JAVIER BLANQUEZ
BARCELONA. - Se sabe que, de padres a hijos, se transmite únicamente la información genética y que el talento, si se tiene, se logra por otras vías muchas veces inescrutables. Lo mismo se puede decir de la fama. Sean Lennon es hijo de John Lennon y Yoko Ono, pero ni ha heredado la genialidad de sus ancestros ni tampoco el apoyo de los fans de papá y mamá.
Con sólo 200 personas delante en su concierto del viernes en Barcelona (anoche actuó en Madrid), es decir, poco menos de un tercio de la capacidad total de un Razzmatazz 2 que lucía desangelado y frío, y un repertorio plano que se alargó de manera artificiosa poco más de una hora, volvió a chocar Sean contra la dura realidad del hijo de famoso que sigue los pasos de sus padres por capricho y sin excesivas aptitudes: los apellidos no han sido ni serán patente de corso.
Sean Lennon se presentó con una elegante banda, vestida informalmente de traje y corbata, para hacer de su repertorio una peculiar metáfora de esa apariencia externa colectiva: sobrio y delicado por fuera, pero completamente anodino desde todos los puntos de vista, convencional, sin sorpresas de ninguna clase. Hablamos de las canciones de Friendly fire, el nuevo disco del hijísimo, una colección de temas pop con vestimenta psicodélica y emotiva que, comparados con los de aquéllos a los que pretende acercarse (Spiritualized, Sparklehorse, los últimos Mercury Rev e incluso The Flaming Lips, que han hecho una versión de Yoko Ono en el disco Yes I'm a witch), demuestran todas las carencias posibles de inspiración e imaginación.
Sobre el escenario, no pasaba nada. La banda iba desgranando, quizá sin ganas visto el escaso éxito de convocatoria o quizá porque Sean Lennon es así de desaborido, un conjunto de canciones cortadas por el mismo patrón, lentas y supuestamente relajantes, incluida Would I be the one, que dilató inexplicablemente con solos de guitarra expansivos y un final atmosférico pesado. Así acabó antes del bis, no sin antes haber paseado por todo tipo de lugares comunes.

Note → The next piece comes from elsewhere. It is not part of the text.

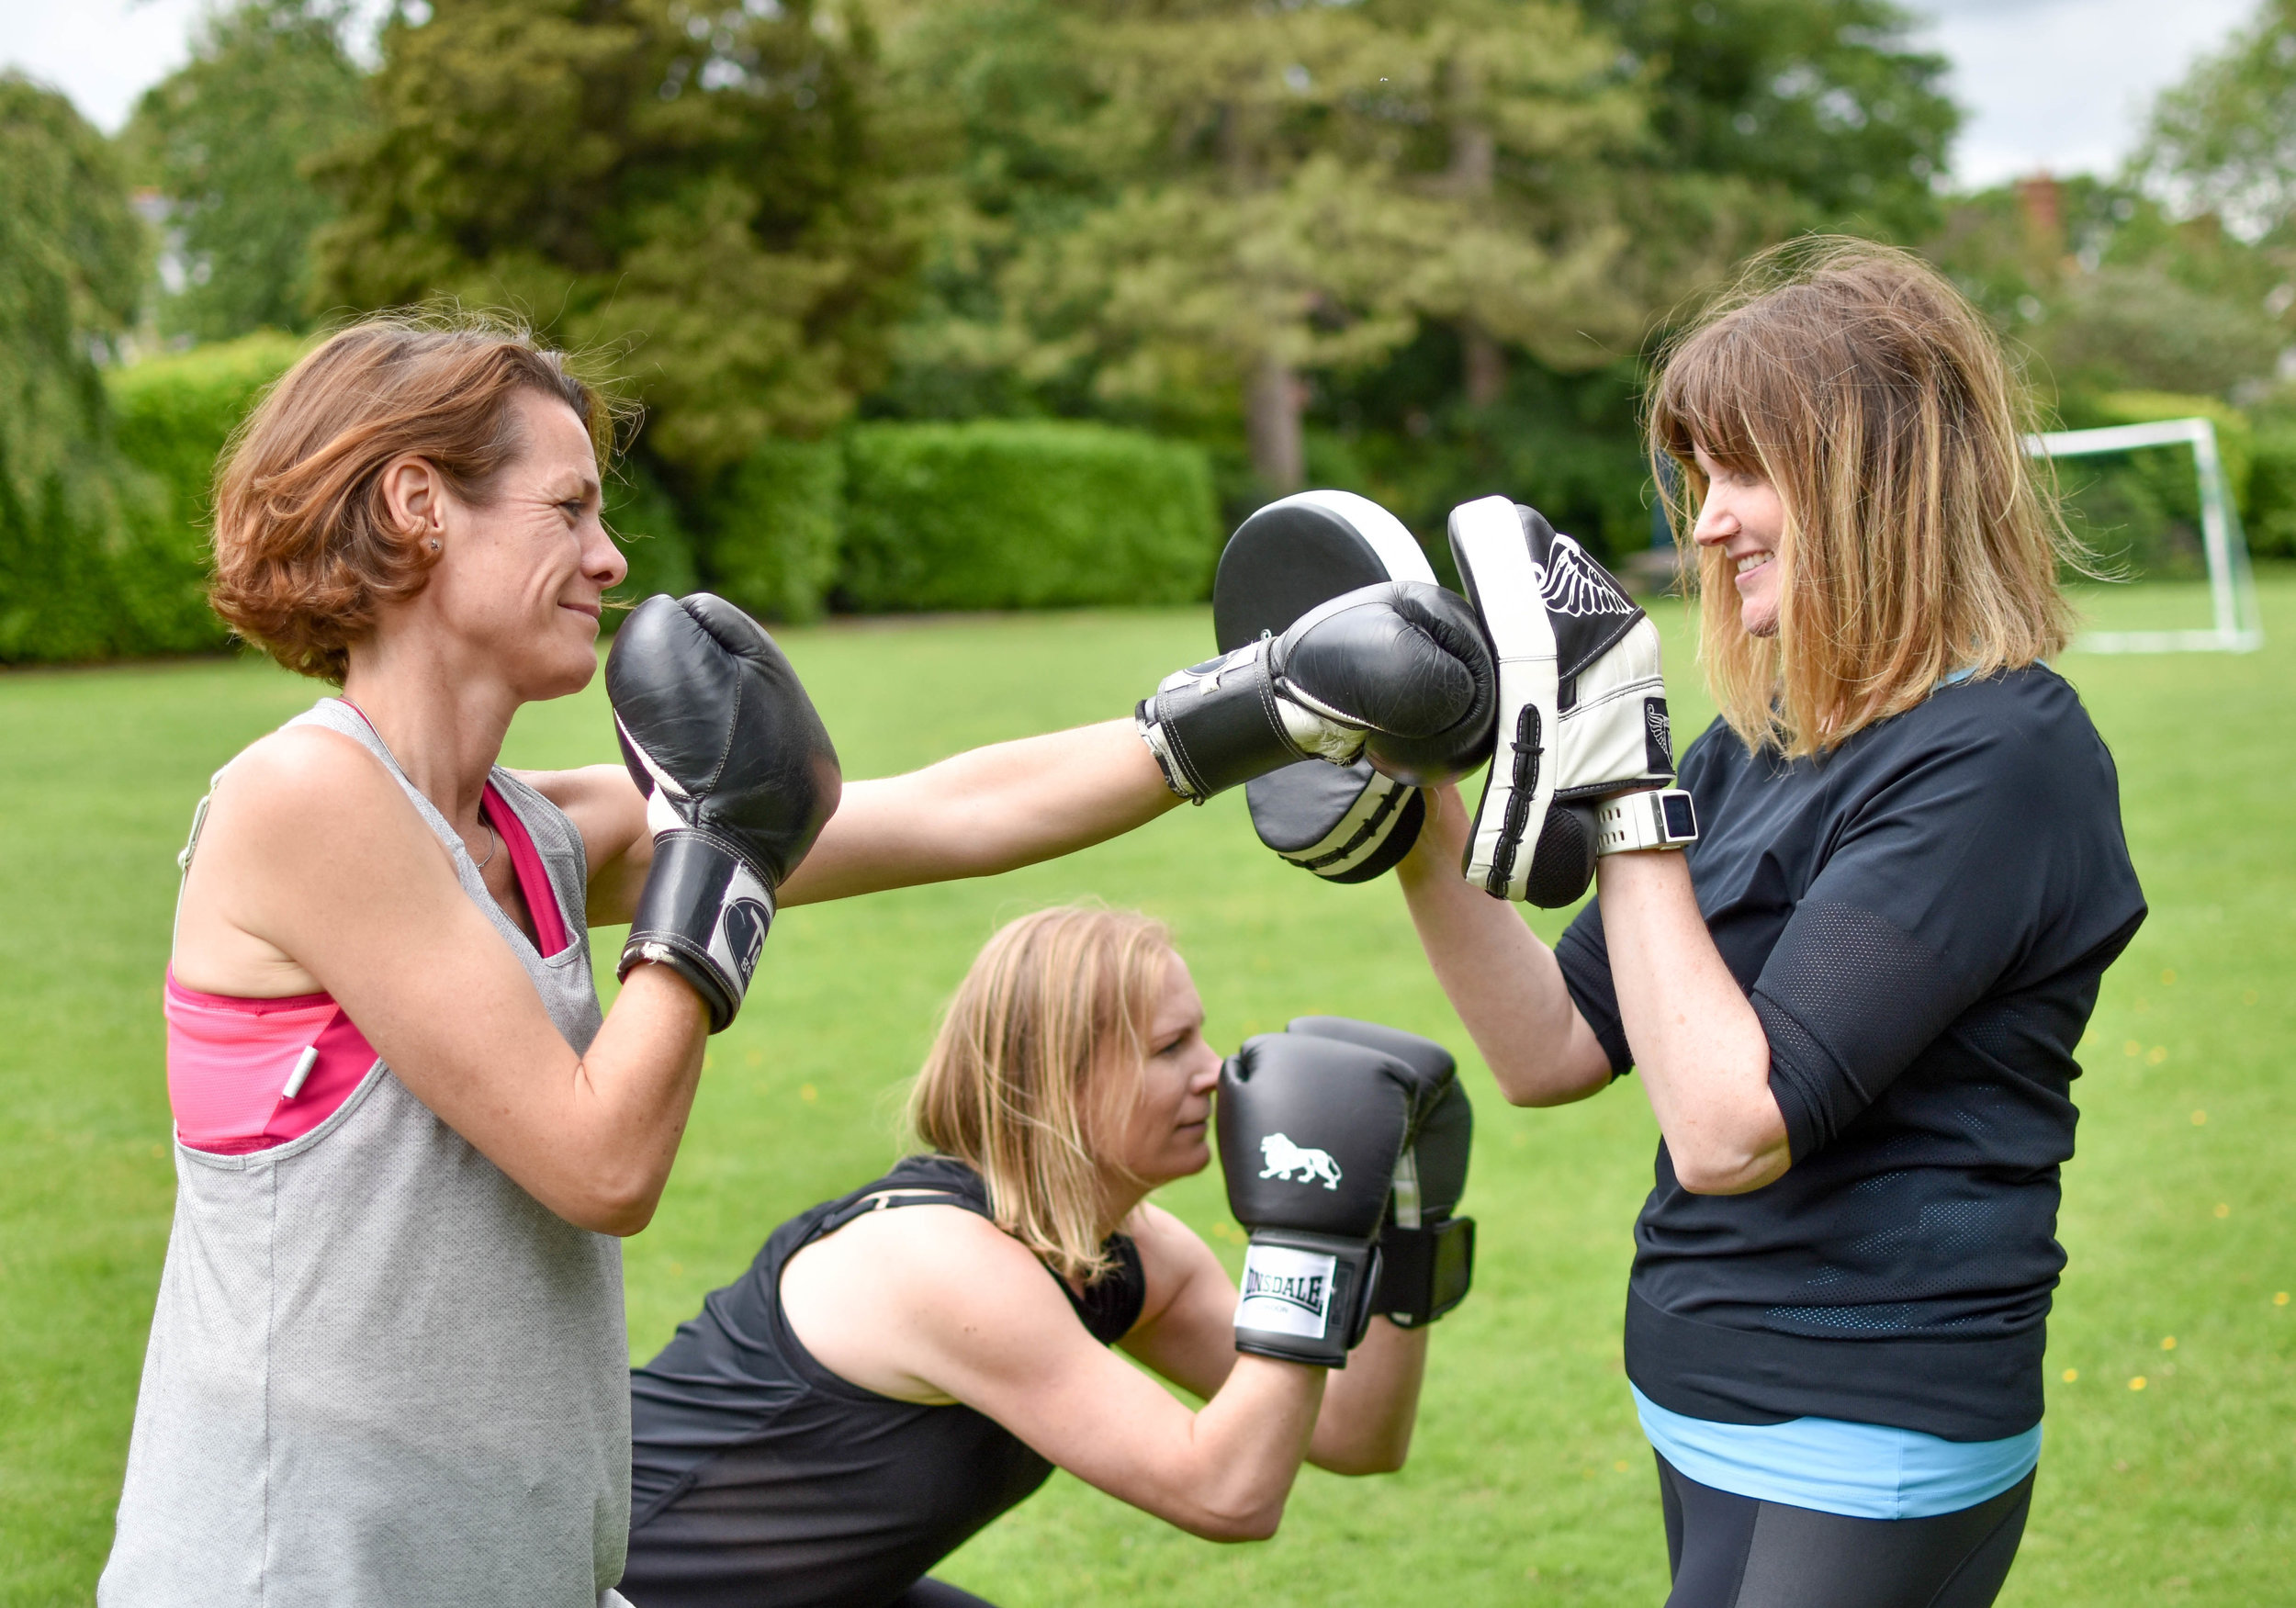 group-classes-women-boxing-sessions-tunbridge-wells-enjoy-training.jpg
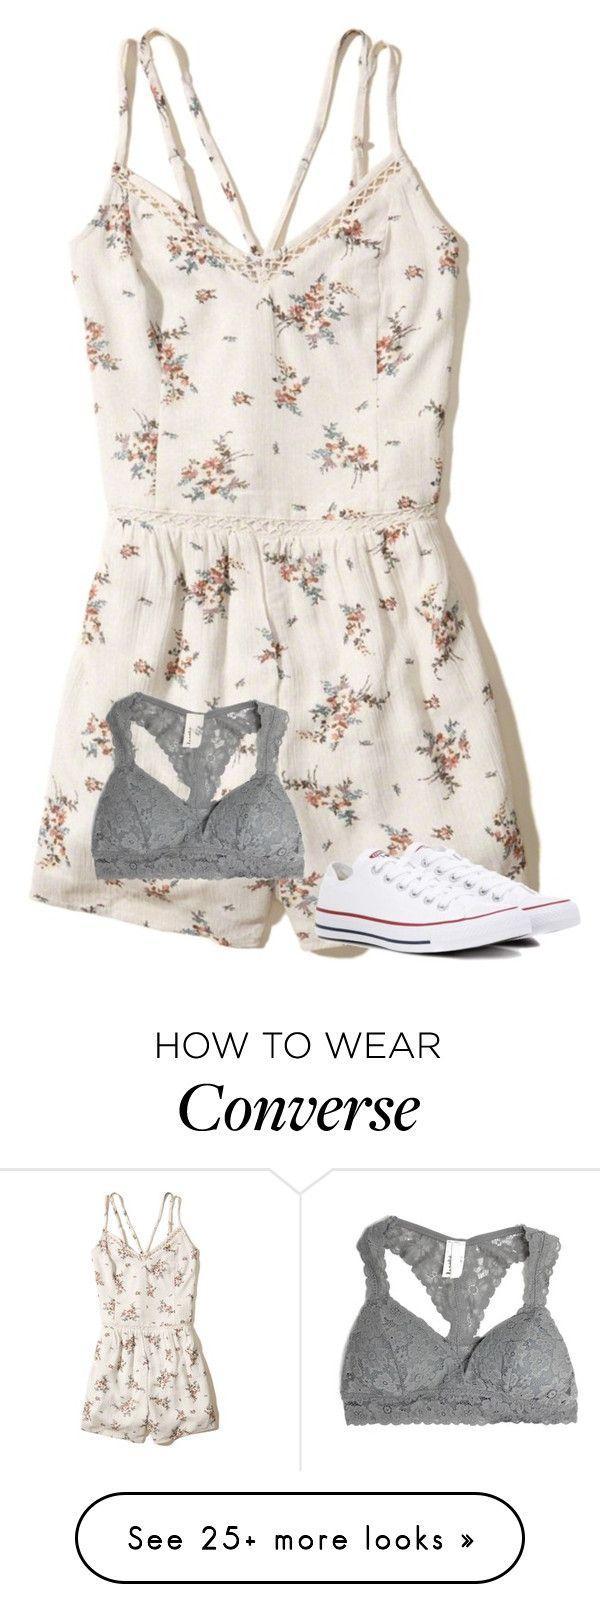 زفاف - Outfits

Amenazó con tocar alguna canción de los Beatles -no lo hizo; sabe que sería cavar su propia tumba- y tres cuartos de lo mismo con Black Sabbath, también de manera abortada tras dos arranques que se quedaron en simples intenciones. O era una broma -lo que no quedó del todo claro- o sus músicos quizás eran más incompetentes de lo que se podía imaginar. Al final, se contentó con barrer sólo para casa y tocar su propio material.
El tipo de público que acudió al primero de sus dos conciertos en España también resultó sumamente esclarecedor: joven, ni demasiado hipster ni mainstream. Un público posiblemente ajeno a la mitología beatle y desentendido de la continua reivindicación de la figura de John Lennon en tiempos de guerra.
Quedaron, en definitiva, totalmente expuestas en Barcelona sus muchas limitaciones.